El frenazo catalán
No hay otra solución efectiva a la crisis que negociar un retorno a la estabilidad política
A estas alturas del procés y de la crisis política en Cataluña —que apenas ha amainado, aunque se ha evitado la inminencia de la deriva secesionista— poco aportará quien señale y lamente los costes económicos evidentes que acarrea dicha crisis. Ya se advirtieron meses atrás y después se han ido concretando con algunas estadísticas (casi todas parciales) y muchas percepciones subjetivas de malestar entre los empresarios y los inversores que se convierten en descensos de la inversión. El Barómetro de Deloitte, que este domingo publica Negocios, constituye una de esas piezas de percepción subjetiva en el empresariado que define con exactitud la situación de desconcierto e incertidumbre que provoca la crisis catalana entre los inversores. Si sólo el 64% de las empresas consultadas consideran que la economía ha mejorado en los últimos seis meses (hace medio año los optimistas eran el 81%) y hoy el 55% cree que mejorará su facturación, cuando a mediados de 2017 eran más del 68%, el problema de percepción desconfiada y pérdida de expectativas es evidente.

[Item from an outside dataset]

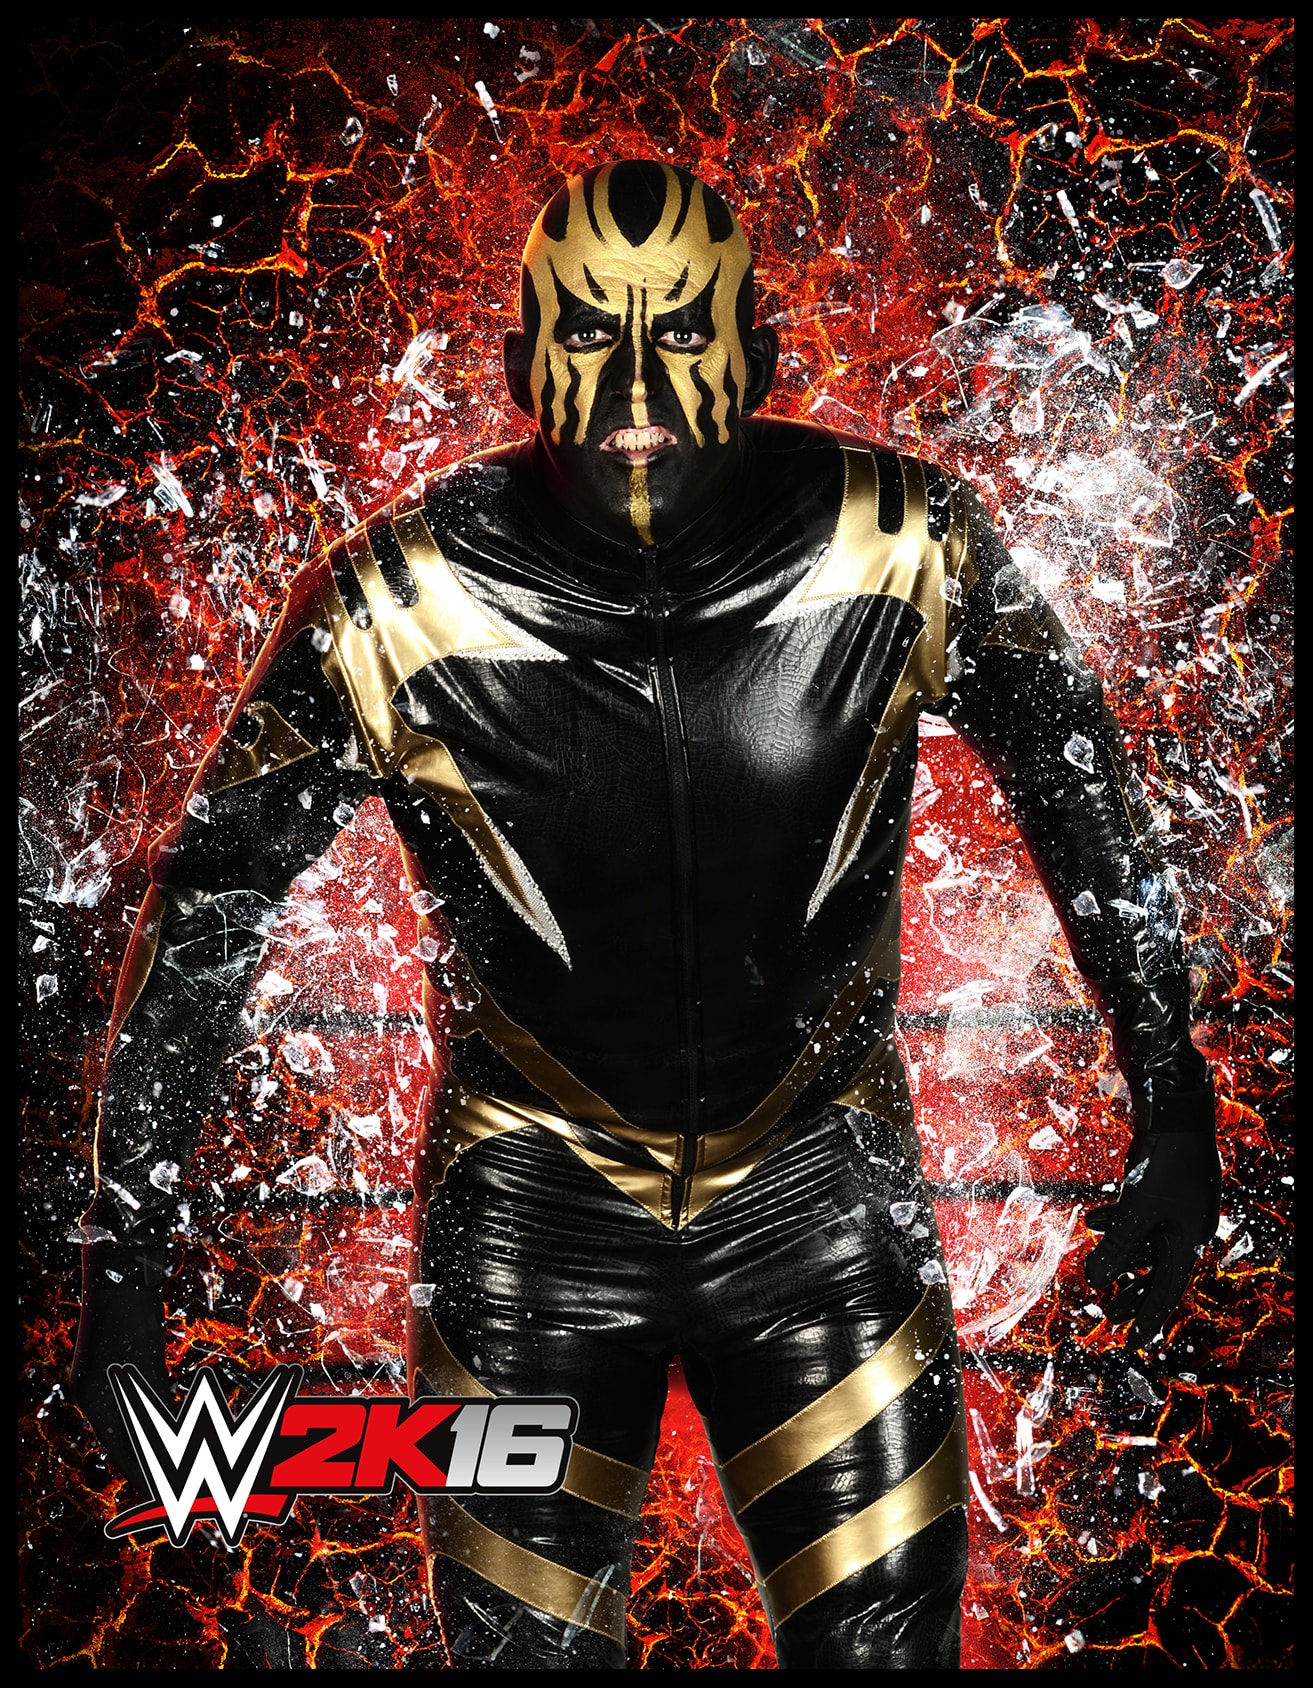 Wwe 2k16 Ign S Weekly Roster Reveal New Superstars Including
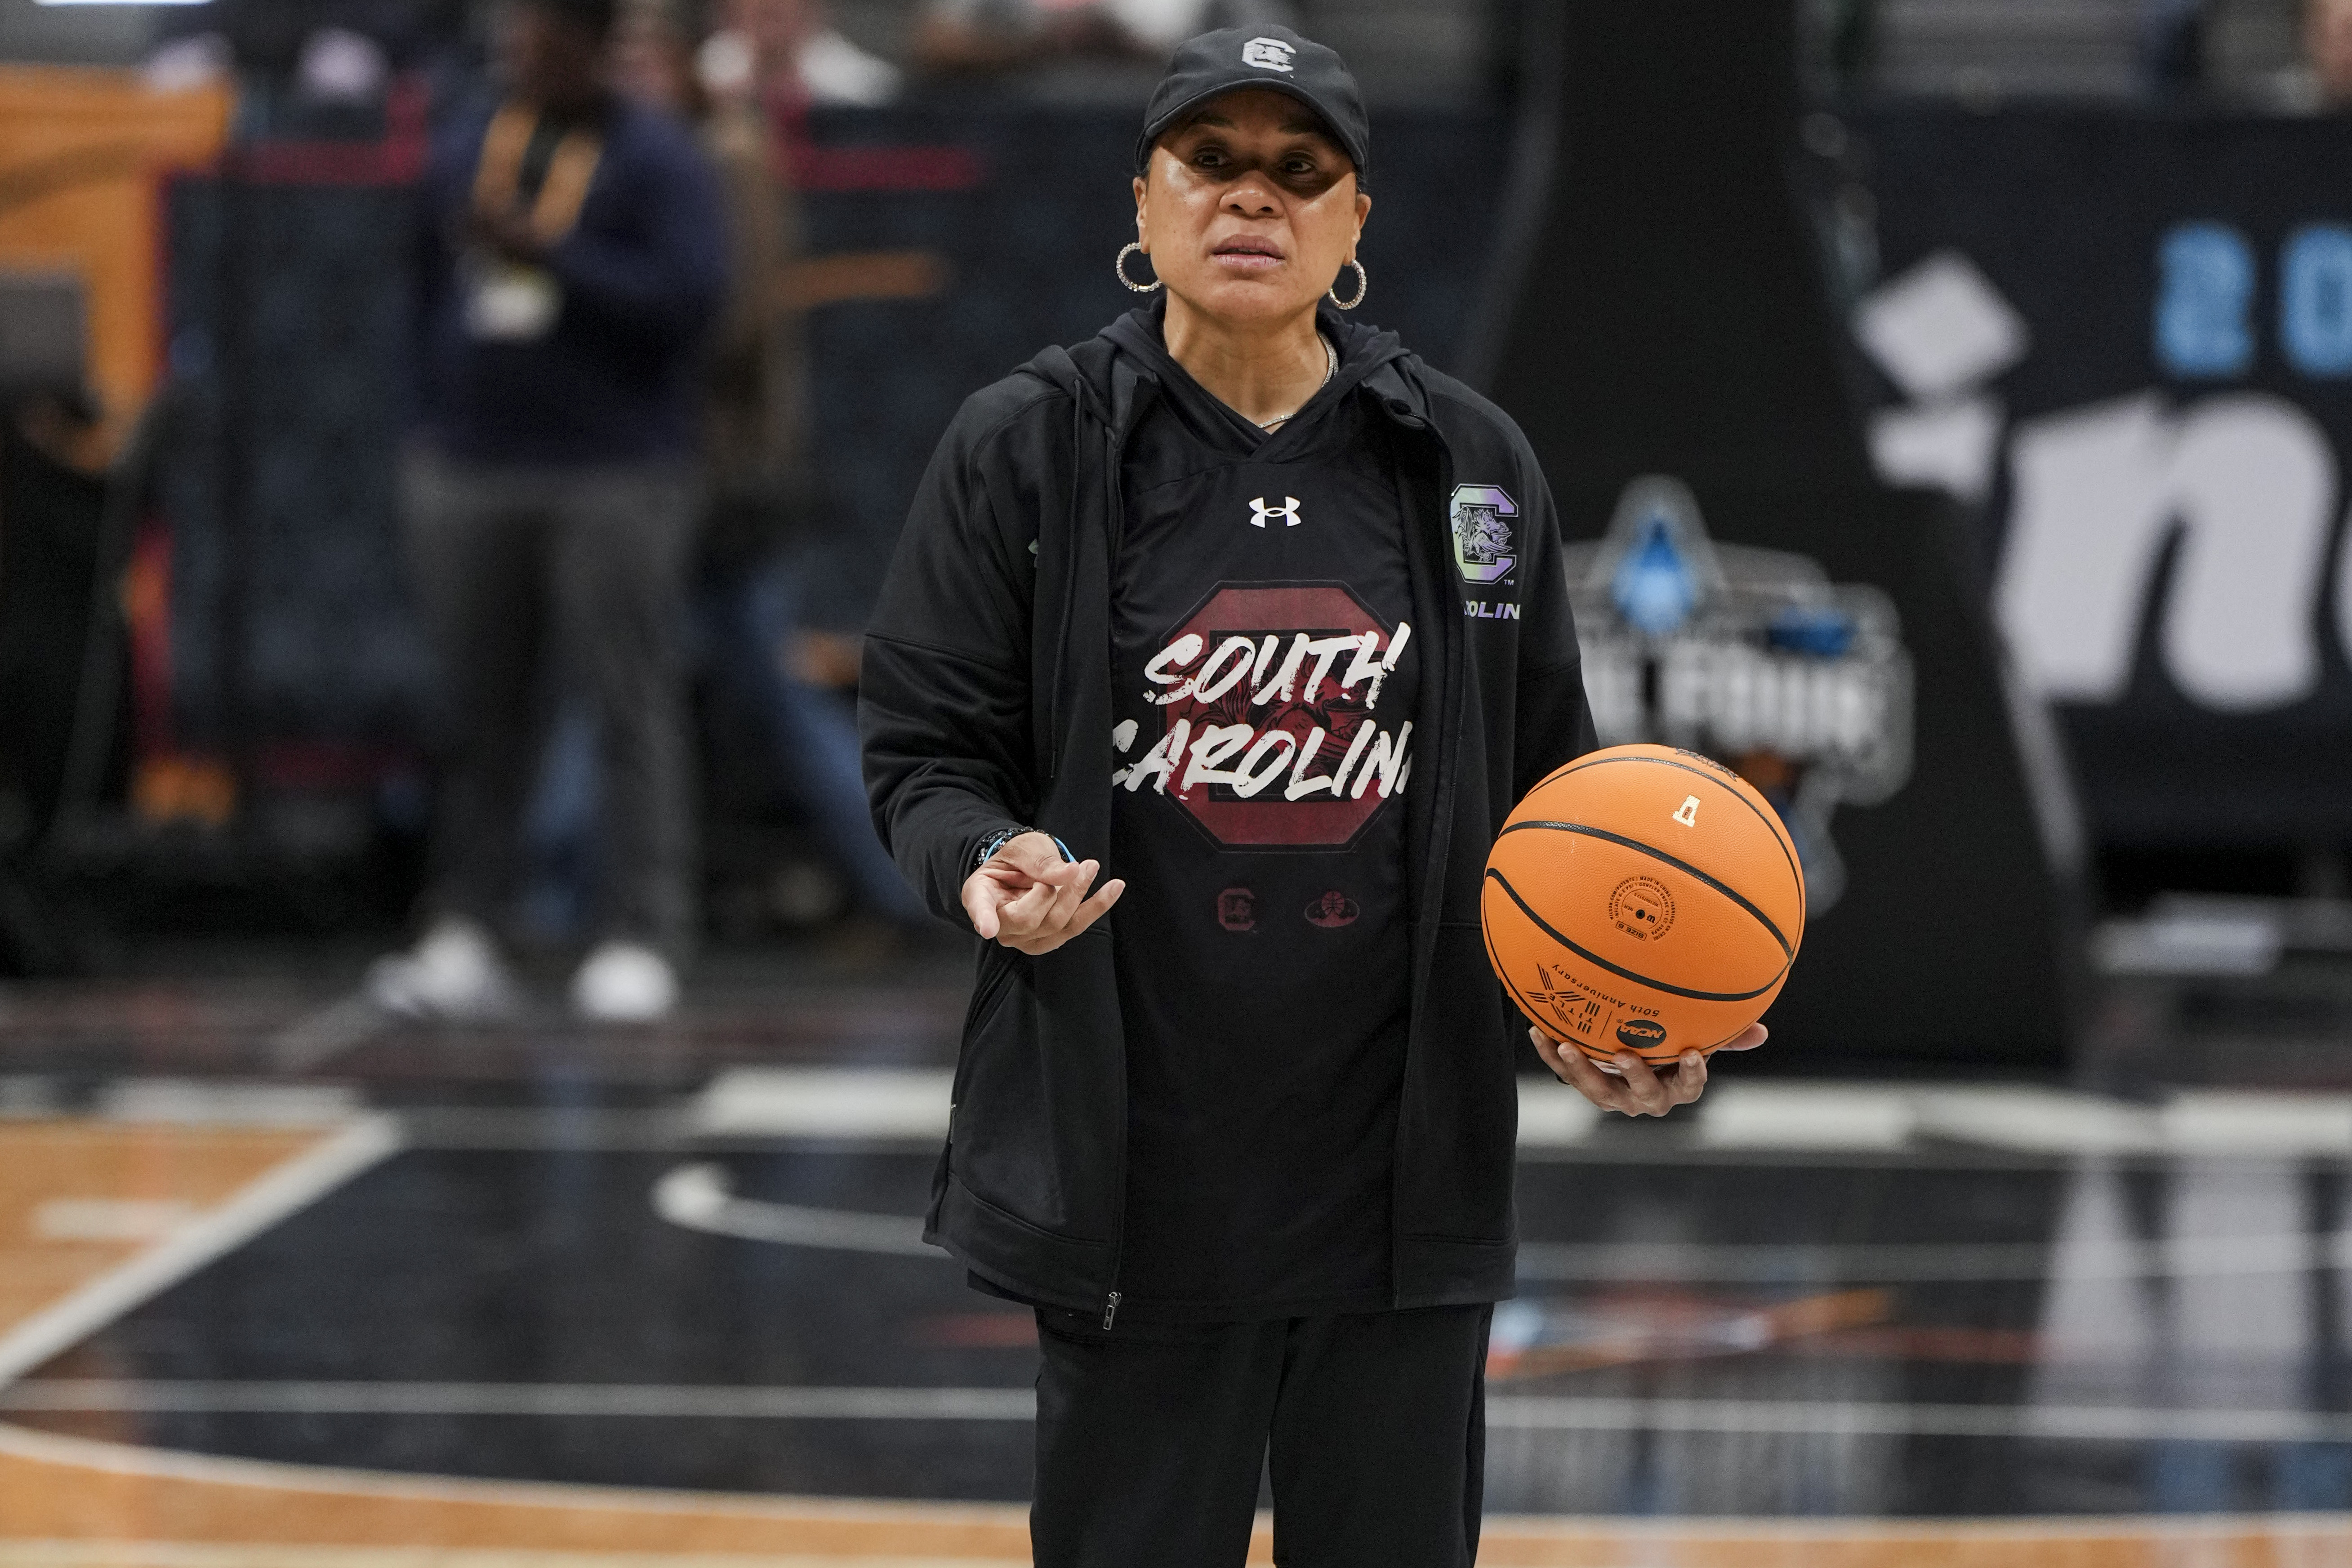 South Carolina Gamecocks head coach Dawn Staley stands on the court during team practice at American Airlines Center.

Los números no lo dicen todo. Por debajo de las estadísticas y de las encuestas es posible rastrear un aumento del pesimismo político y económico procedente de la perplejidad. Las empresas no entienden que los gestores políticos del procés consideren irrelevantes los costes económicos de la inestabilidad. La displicencia del independentismo es peligrosa porque niega que sea posible articular con las fuerzas secesionistas cualquier negociación política sobre problemas económicos en términos de racionalidad. Cualquier consideración sobre bienestar social y crecimiento de la economía queda supeditada al objetivo principal (la marcha hacia la independencia). Desde el independentismo simplemente se niegan los costes económicos asociados a su estrategia política, de forma que es una evolución ciega e irreductible a cualquier consenso económico o social lo que desespera a las empresas.
Las elecciones autonómicas de diciembre en Cataluña apenas han despejado la incertidumbre ni superado la perplejidad. Sigue existiendo una mayoría independentista (en escaños) que no admite una verdad manifiesta: las elecciones autonómicas están legitimadas para gobernar las comunidades autónomas, en ningún caso lo están para planear e impulsar una secesión, por más que exista una mayoría independentista en escaños. De esa confusión procede el riesgo que se convierte en incertidumbre. Y, como ya se ha explicado en estas páginas, la incertidumbre es un estado en el que el empresario no puede calcular ningún tipo de riesgo, ni económico, ni financiero, ni político, ni regulatorio.
No hay otra solución efectiva que negociar un retorno a la estabilidad política en Cataluña; estabilidad que el resultado electoral no garantiza. Entiéndase por estabilidad la certeza de que el próximo gobierno de la Generalitat, con gran probabilidad de cariz independentista, abjurará del objetivo de la independencia (ese que implica el abandono inmediato del euro) con carácter prioritario e inmediato; de que existirá una colaboración con el Estado para ayudar en los objetivos generales de política económica (déficit, deuda, etcétera); y de que no se vulnerarán de forma flagrante los criterios de seguridad jurídica. La confianza económica volverá sólo en tanto todo lo anterior quede claro de forma meridiana con hechos y compromisos. Este acuerdo, explícito o implícito (pero comprobable por sus efectos) es la única solución para acabar con el daño a la economía autonómica y a la del conjunto del país.
Dicho lo cual, parece obligado recordar que el procés no es el único problema, ni el más grave siquiera, de la economía española hoy. Sólo es el más inmediato y enojoso.